Using the data below, reproduce exactly the lines from the line with "LifeSupplyUSA 3 Pack" to the line with "First day of", both included; pictures must be dropped.

── The data

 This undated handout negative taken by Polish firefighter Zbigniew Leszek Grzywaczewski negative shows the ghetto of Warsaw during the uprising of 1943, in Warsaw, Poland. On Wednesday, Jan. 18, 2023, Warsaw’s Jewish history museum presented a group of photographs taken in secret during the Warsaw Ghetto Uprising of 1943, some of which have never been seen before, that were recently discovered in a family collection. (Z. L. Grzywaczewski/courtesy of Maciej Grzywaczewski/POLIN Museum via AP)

────
── The data

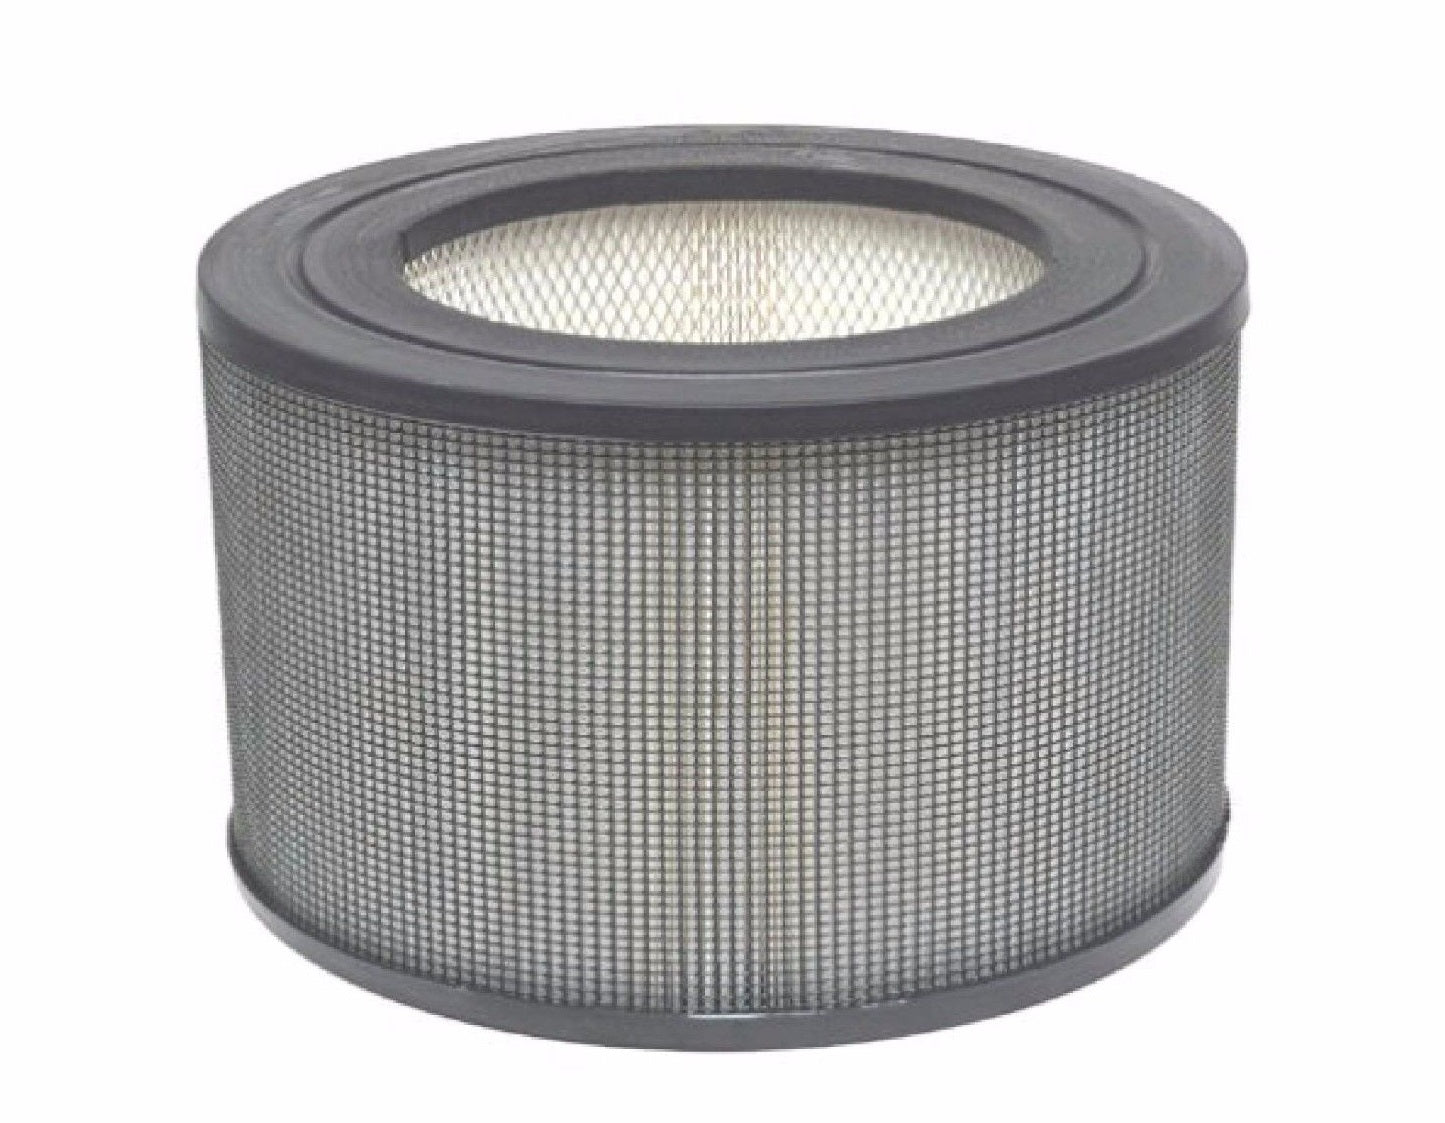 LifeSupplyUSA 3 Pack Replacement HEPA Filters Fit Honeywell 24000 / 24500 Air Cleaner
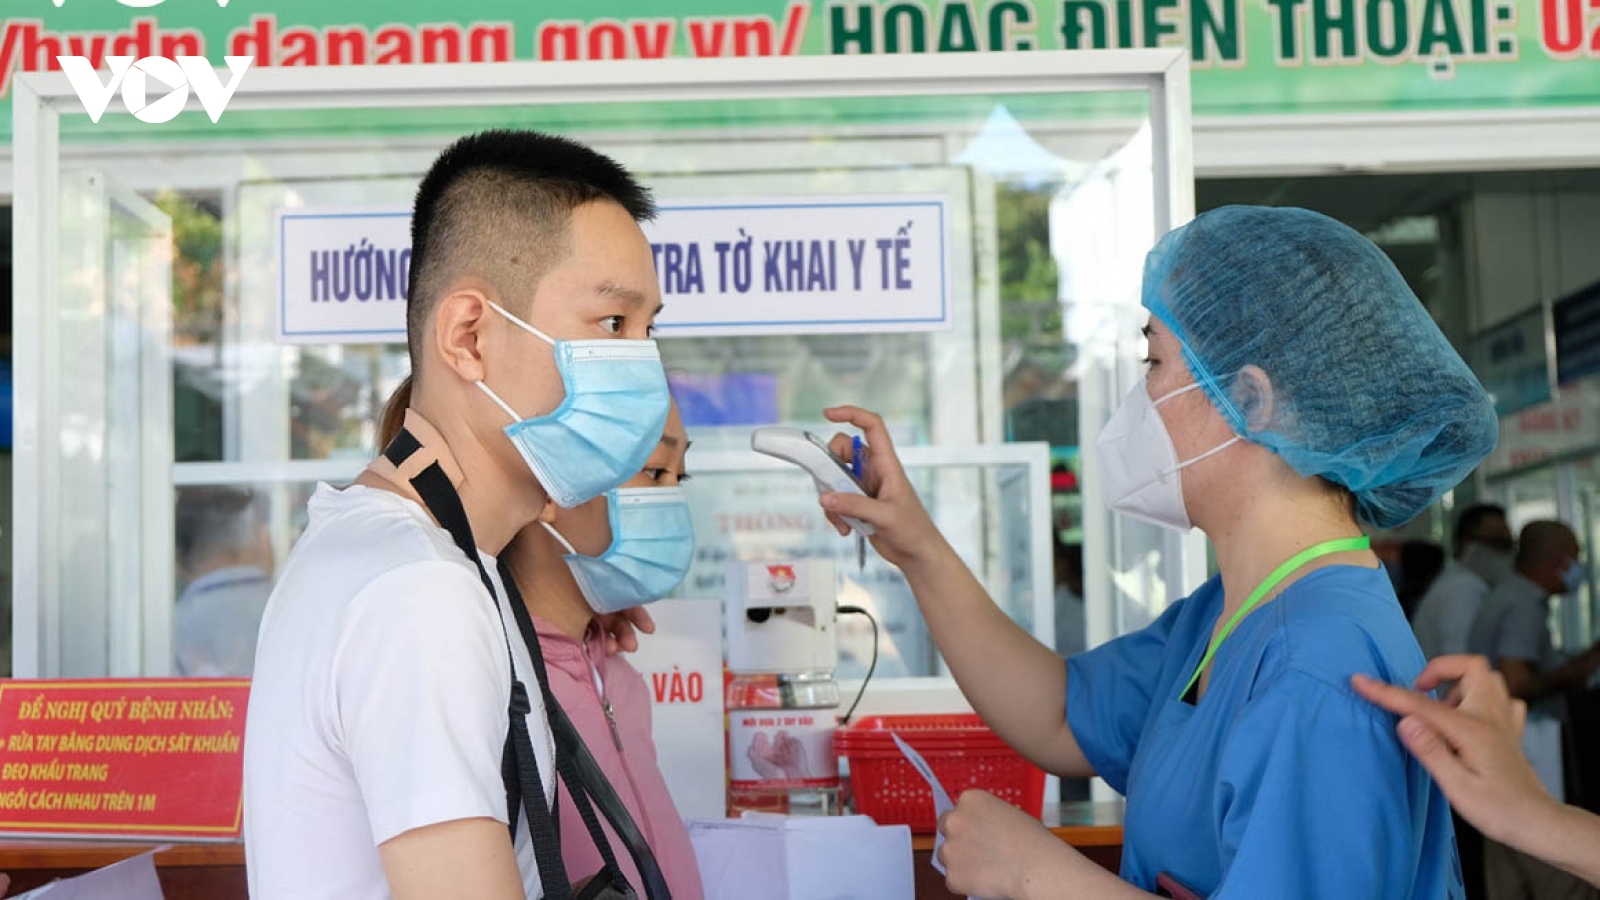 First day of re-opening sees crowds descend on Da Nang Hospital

────
── The data

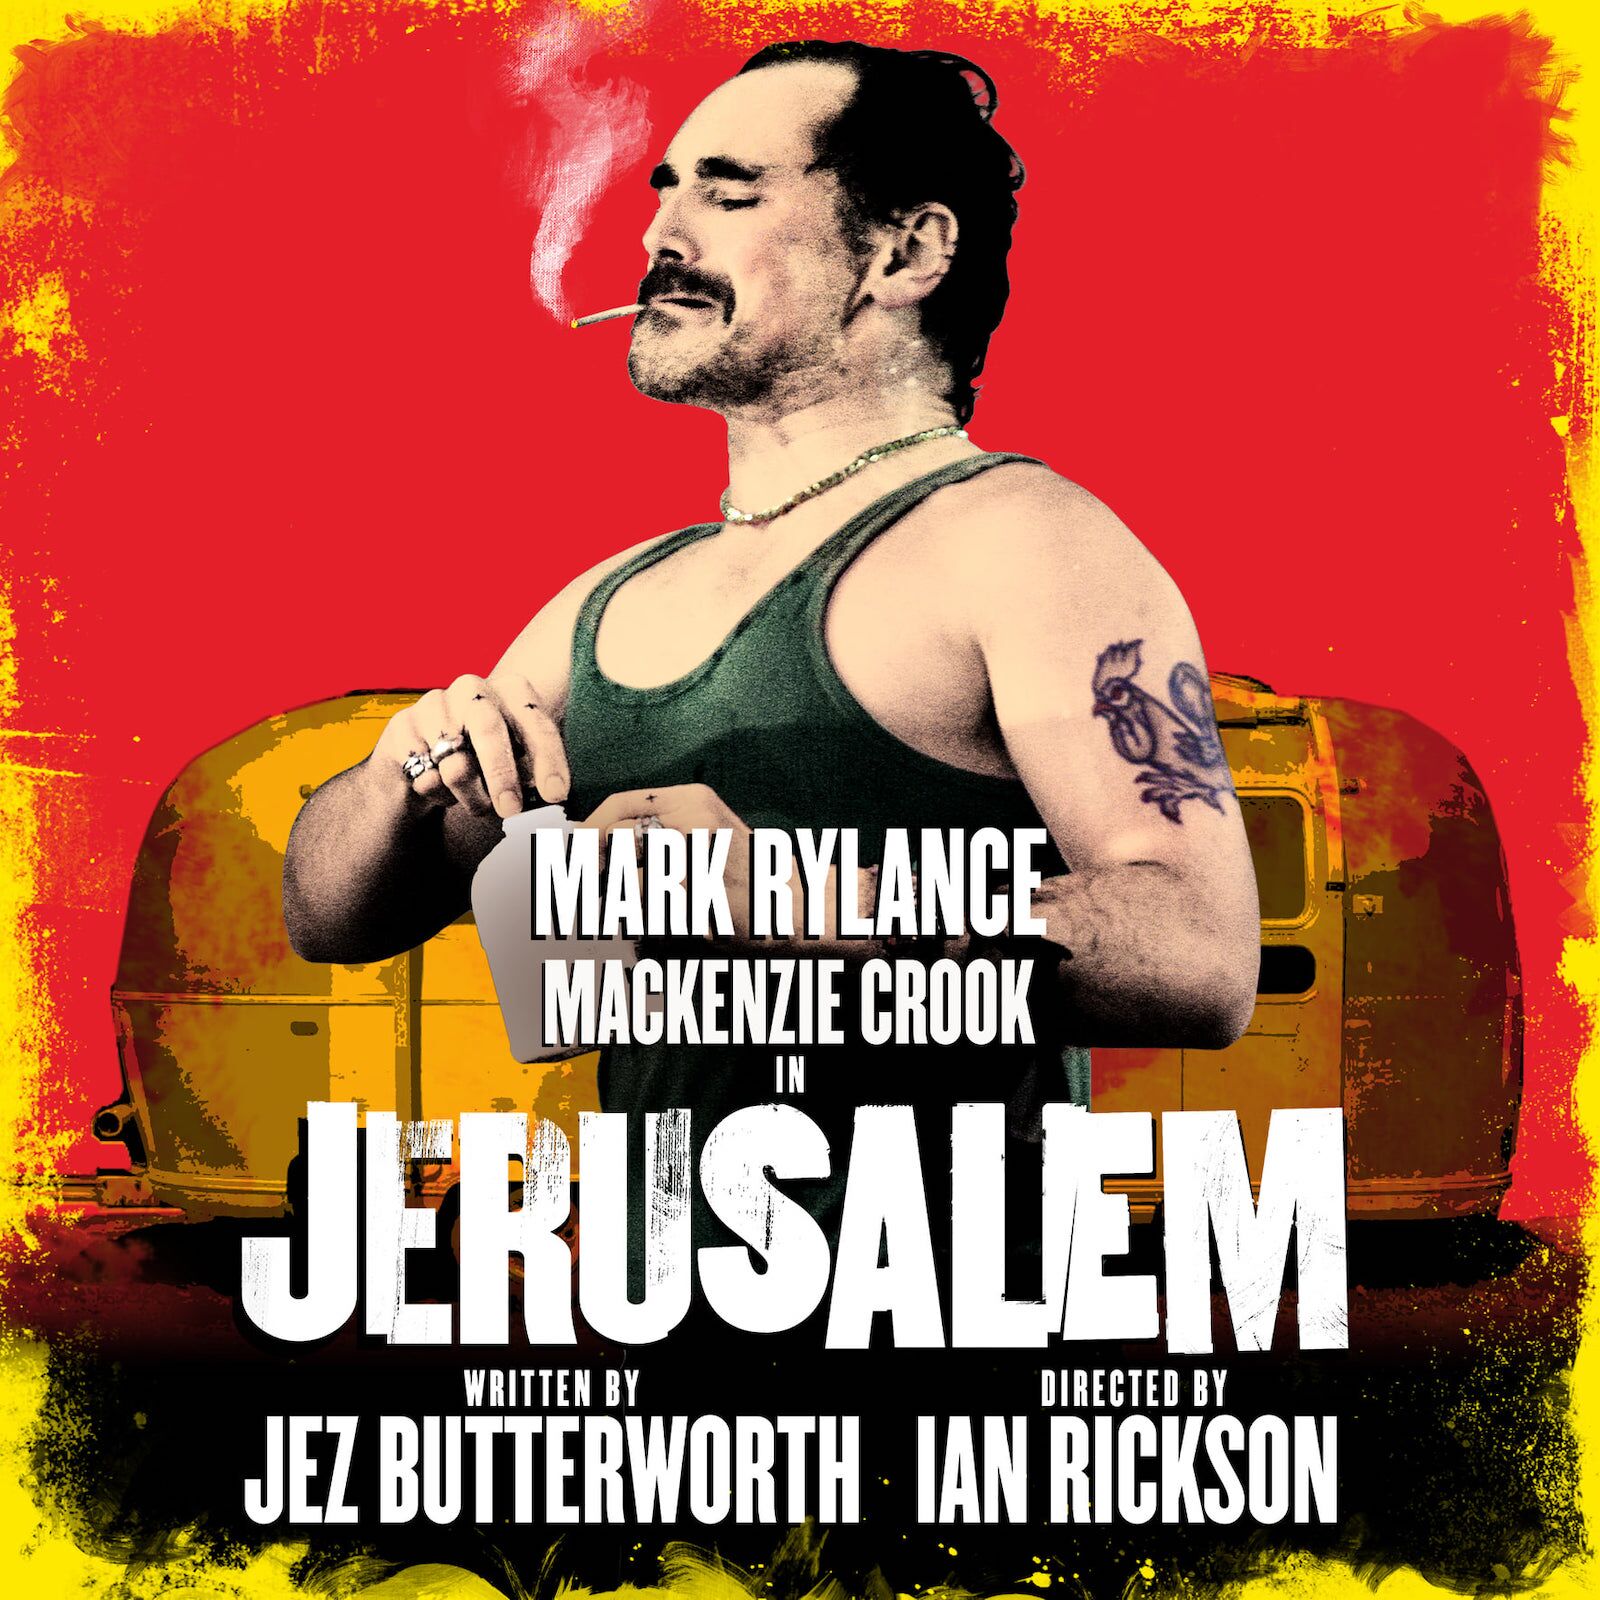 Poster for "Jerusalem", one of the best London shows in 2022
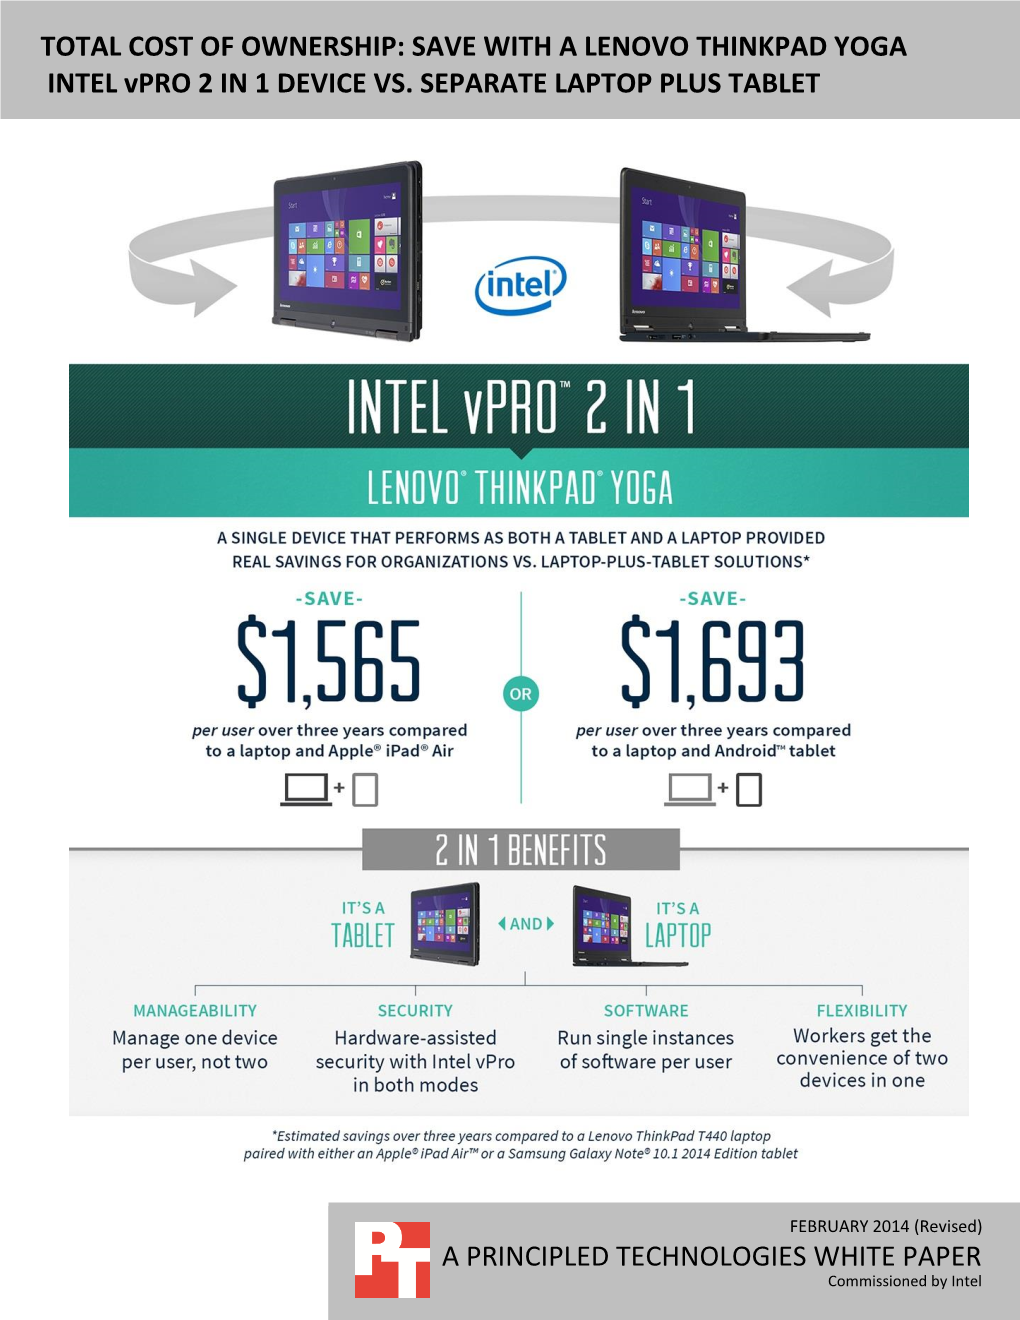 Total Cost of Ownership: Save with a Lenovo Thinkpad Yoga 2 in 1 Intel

────

Result of the exercise:
 LifeSupplyUSA 3 Pack Replacement HEPA Filters Fit Honeywell 24000 / 24500 Air Cleaner
 First day of re-opening sees crowds descend on Da Nang Hospital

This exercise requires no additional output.